# Mach3 Custom Screen Sets



## bpratl (Mar 23, 2015)

Just starting to use and enjoy mach3 and was wondering now many users use custom screens sets and why.
There are a lot of different screens available and I have tried a few, but I would like to hear the pros & cons on the most popular screens sets for Mills and Lathes. Bob


----------



## gt40 (Mar 23, 2015)

I use custom set for the mill because it gave me probe edge finding capabilities.  BTW, once you get things working, save a copy of your screenset and a back up for good measure


----------



## Boswell (Mar 25, 2015)

I use MachMotion's screen set. Not free but worth every $. I think it is extremely well thought-out very professional and works perfectly on a touchscreen. Before I found MachMotion I used ScrennSet2013. It is well documented and good also affordable, either free or small fee.


----------



## bpratl (Mar 25, 2015)

Boswell said:


> I use MachMotion's screen set. Not free but worth every $. I think it is extremely well thought-out very professional and works perfectly on a touchscreen. Before I found MachMotion I used ScrennSet2013. It is well documented and good also affordable, either free or small fee.

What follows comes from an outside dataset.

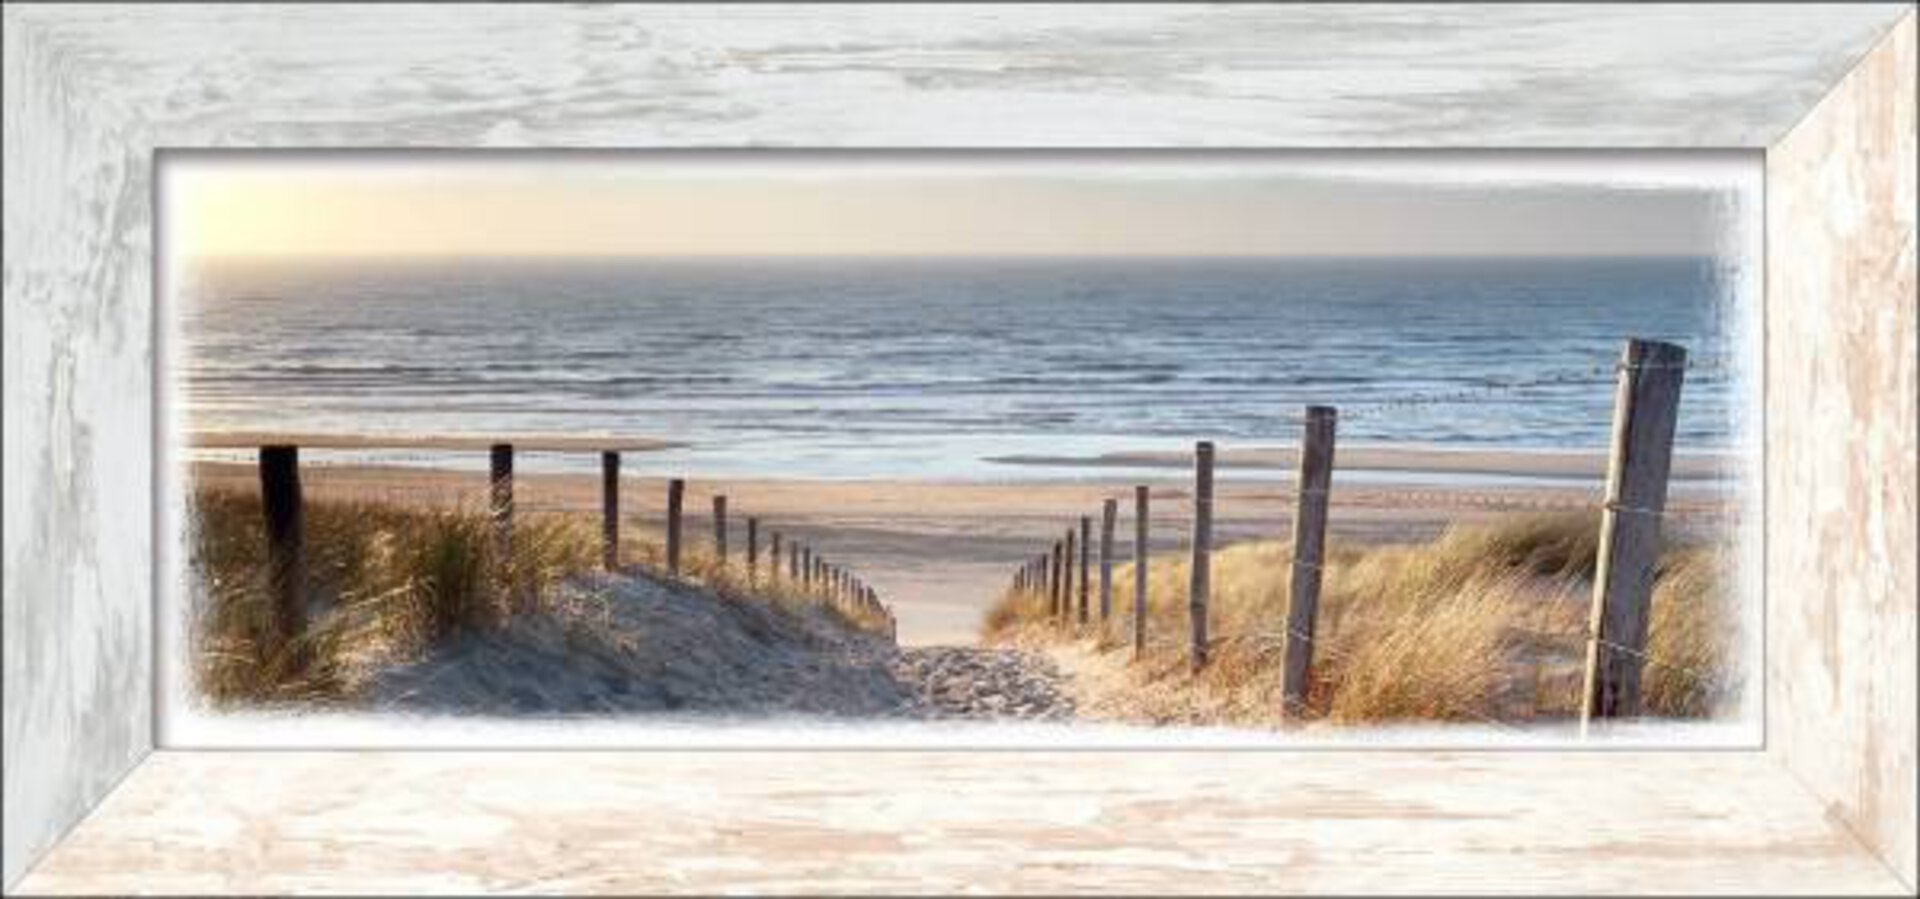 Bild Nautic Mare I Pro-Art Holzwerkstoff mehrfarbig 94 x 44 x 1 cm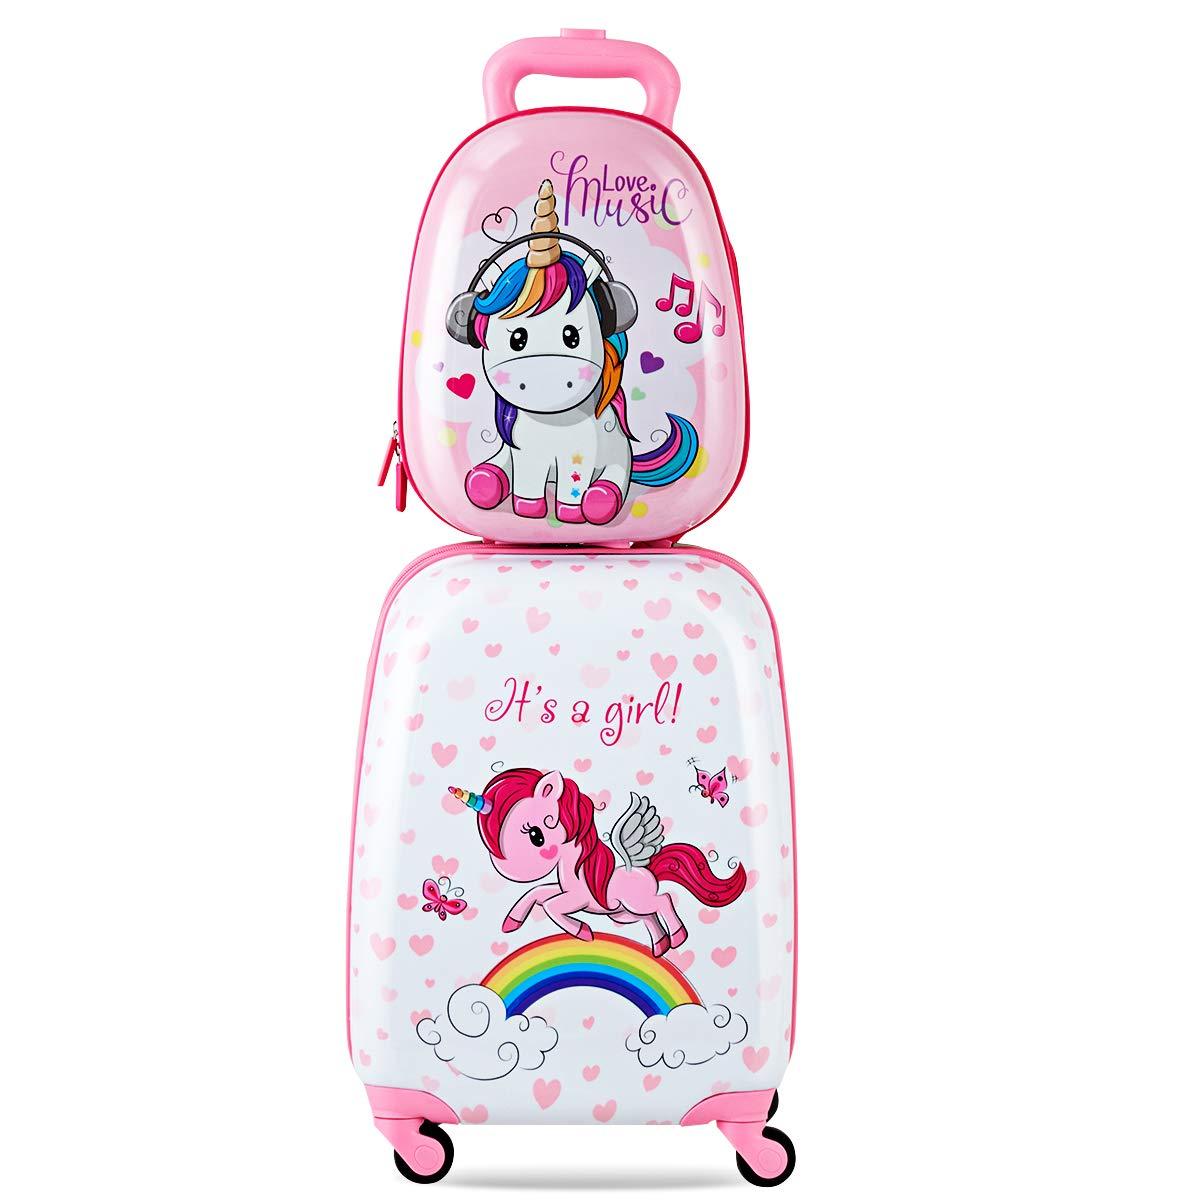 2 TLG Rucksack Einhorn rosa Kinder Kofferset Kindergep/ä ck Set Reisekofferset Kindertrolley Handgep/ä ck Kinderkoffer

 Thanks for the input, I will check these out.


----------



## awander (Mar 25, 2015)

I use Dave Bagby's MachStdMill screens. They have a lot of probing routines built in, and I like teh way they are laid out.


----------



## bpratl (Mar 26, 2015)

awander said:


> I use Dave Bagby's MachStdMill screens. They have a lot of probing routines built in, and I like teh way they are laid out.


 Thanks, looks interesting, I guess there is a lot to choose from.


----------



## alloy (Mar 26, 2015)

awander,

Do you have a link to Dave's screen sets?


----------



## bpratl (Mar 27, 2015)

alloy said:


> awander,
> 
> Do you have a link to Dave's screen sets?


I downloaded the trial screen sets from his site:

http://www.calypsoventures.com/machstdmill/overview.html


----------



## alloy (Mar 27, 2015)

Thanks.  I downloaded the std screen set. 

The professional price is pretty reasonable.

I'm working on the retrofit on my mill and hen I get it up and running I'll be talking to you about how the probing routines work.

I'd like to buy a probe and digitize some parts using my mill.

There is a cheap probe on Ebay for about $80 with a .005 resolution, and Tormach has one for a little under $300 with  .001 resolution.  I'll start of with the less expensive one and learn with it first.


----------